Atlas would like their T1 sites to attend (VRVS) their weekly (Wed at 14.00) SC review meeting during this running phase.
No commitments from the sites were made. RAL expressed its support for the participation of sites to the experiments meetings.

 

L.Robertson asked if the sites have problems with this list of requirements.

-          SARA-NIKHEF said they have less tapes so will recycle them more often.

-          TRIUMF will recycle disk space every 16h because do not have enough capacity at the moment.

 

L.Robertson said that he believed that the experiment-site meetings are important because there are many issues to sort out quickly with the sites at the start of the service challenge, and we have heard often that sites have difficulties to understand what an experiment needs.

The discussion that followed concluded that if the first part of the experiment meeting is devoted to “sites issues” the sites should participate to that part. H.Renshall agreed to ask ATLAS to organize the meeting starting with “sites issues”.

 

ALICE SC Plans and Requirements

Their validation of the LCG/gLite workload management services is ongoing and they stressed that stability of the services is fundamental for the entire duration of the exercise.

 

Validation of the data transfer and storage services

-          2nd phase: end July/August T0 to T1 (recyclable tape) at 300 MB/sec

-          The stability and support of the services have to be assured during and beyond these throughput tests

 

In August/September they will perform the validation of the ALICE distributed reconstruction and calibration model. And do reconstruction at their Tier 1 sites.

 

The integration of all Grid resources within one single interfaces to different Grids (LCG, OSG, NDGF) - will be done by ALICE

 

End-user data analysis is scheduled for September/October.

 

ALICE Requirements and Issues

 

ALICE have deployed a VO box at all their T0-T1-T2 sites, installed and maintained by ALICE. But site related problems should be handled by site administrators

ALICE requires:

-          FTS services as plugin to AliEn File Transfer Daemon

-          LFC at all ALICE sites. Used as a local catalogue for the site SE. ALICE will take care of the LFC catalogue entries.

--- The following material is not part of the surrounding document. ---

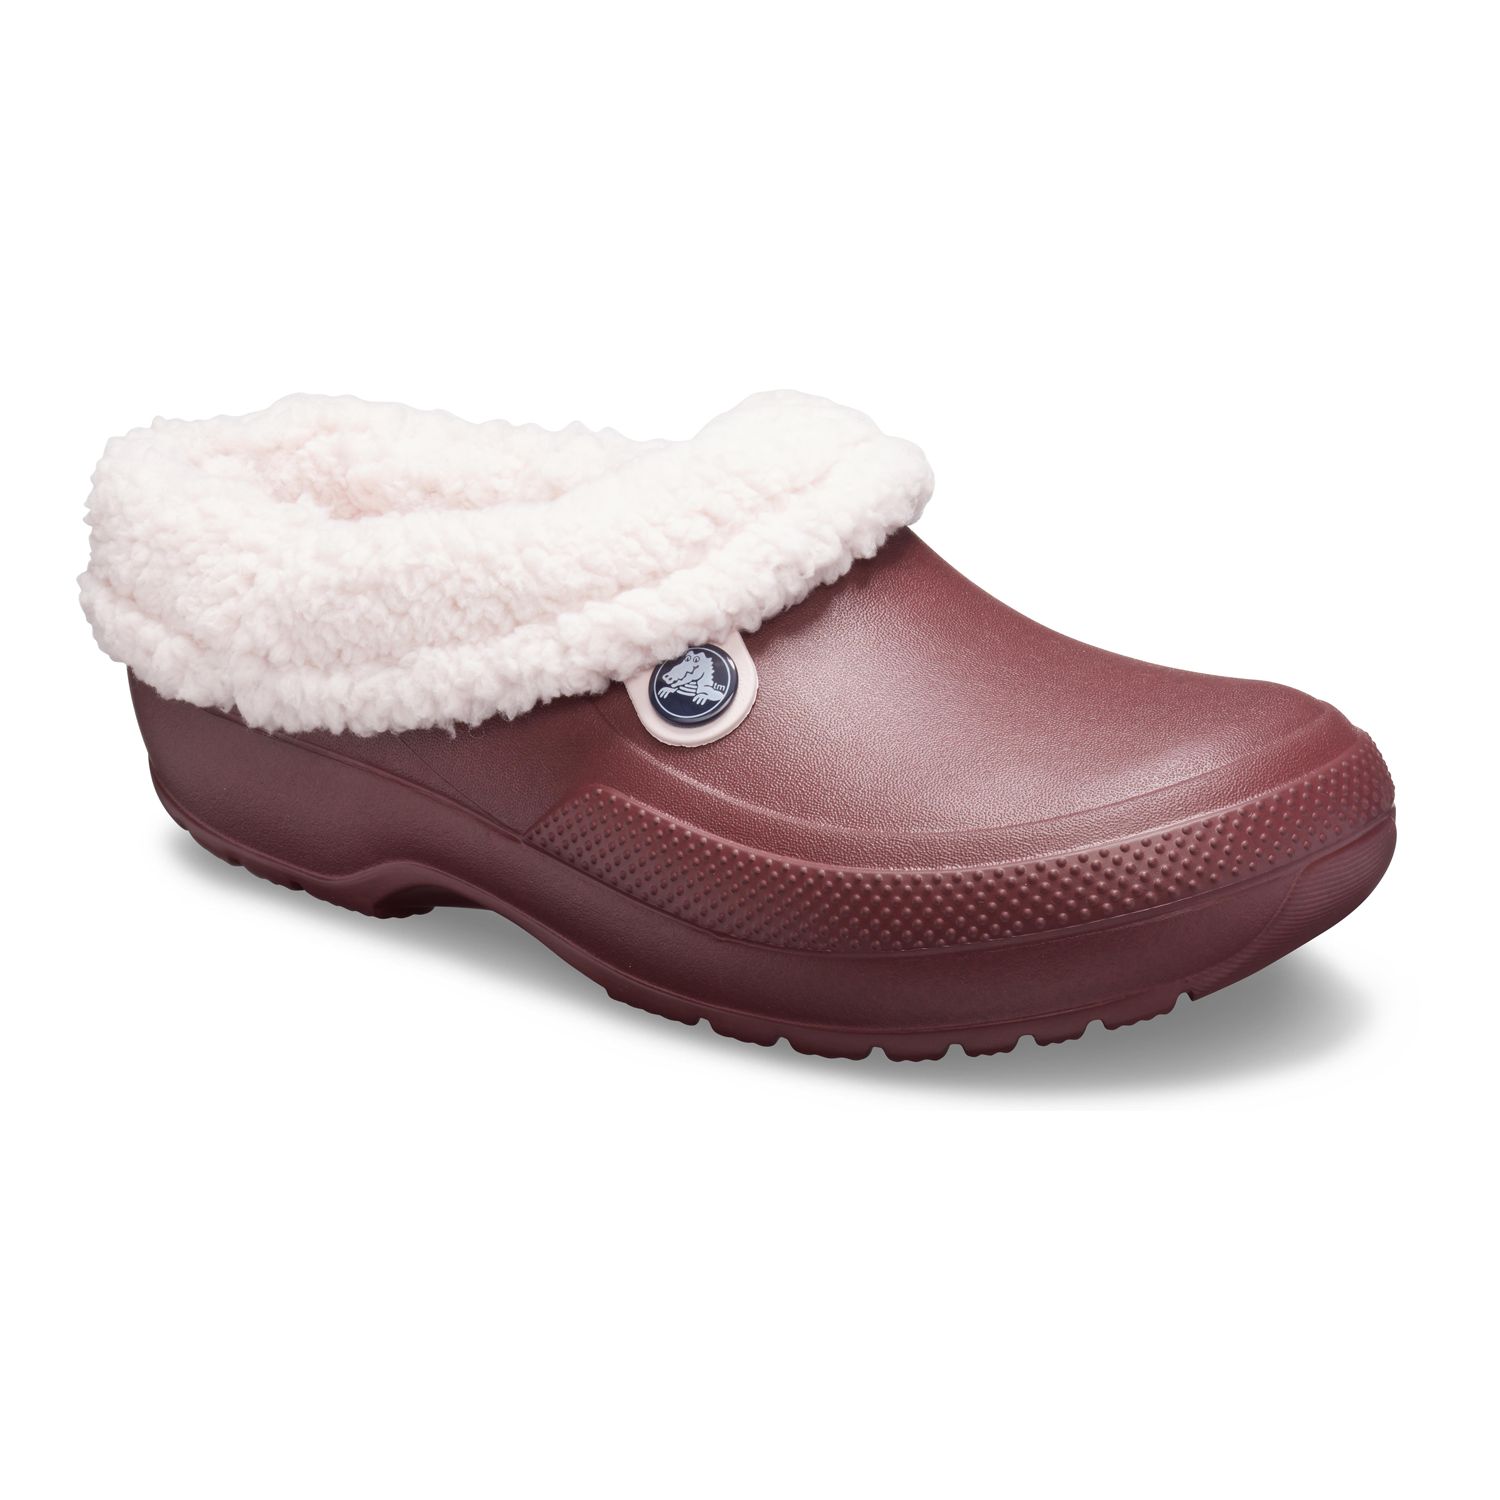 crocs with liner removable

-          FTS endpoints at the T0 and T1 with SRM enabled storage to tape (tapes must be written) and automatic data deletion (by the sites) for the 300 MB/sec throughput test (24 to 30 July).

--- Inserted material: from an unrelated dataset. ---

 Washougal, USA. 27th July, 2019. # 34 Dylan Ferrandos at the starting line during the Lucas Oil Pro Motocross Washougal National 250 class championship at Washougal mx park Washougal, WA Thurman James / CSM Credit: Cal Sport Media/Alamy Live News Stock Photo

-          Site support during the whole tests and beyond:

 

Question from ALICE: What are the site contacts for the central and distributed support teams, or does everything go through GGUS?

Answer: All problems to be reported to GGUS. SC team to check possibility of out of hours action.

 

Question from ALICE: Will the SC team setup and test this before handing it over to ALICE?

Answer: SC team will follow up the enabled storage but is up to ALICE to test the setup.

 

J.Gordon noted that sites do not have any automatic mechanism to delete tapes, and manual operations will be done only when needed by the sites. Experiments had previously stated that only they would be responsible for deleting files.

 

CMS SC Plans

 

In September/October CMS runs CSA06, a 50 million event exercise to test the workflow and dataflow associated with the data handling and data access model of CMS 

 

Now till end June

-          Continue to try to improve file transfer efficiency. Low rates and many errors now.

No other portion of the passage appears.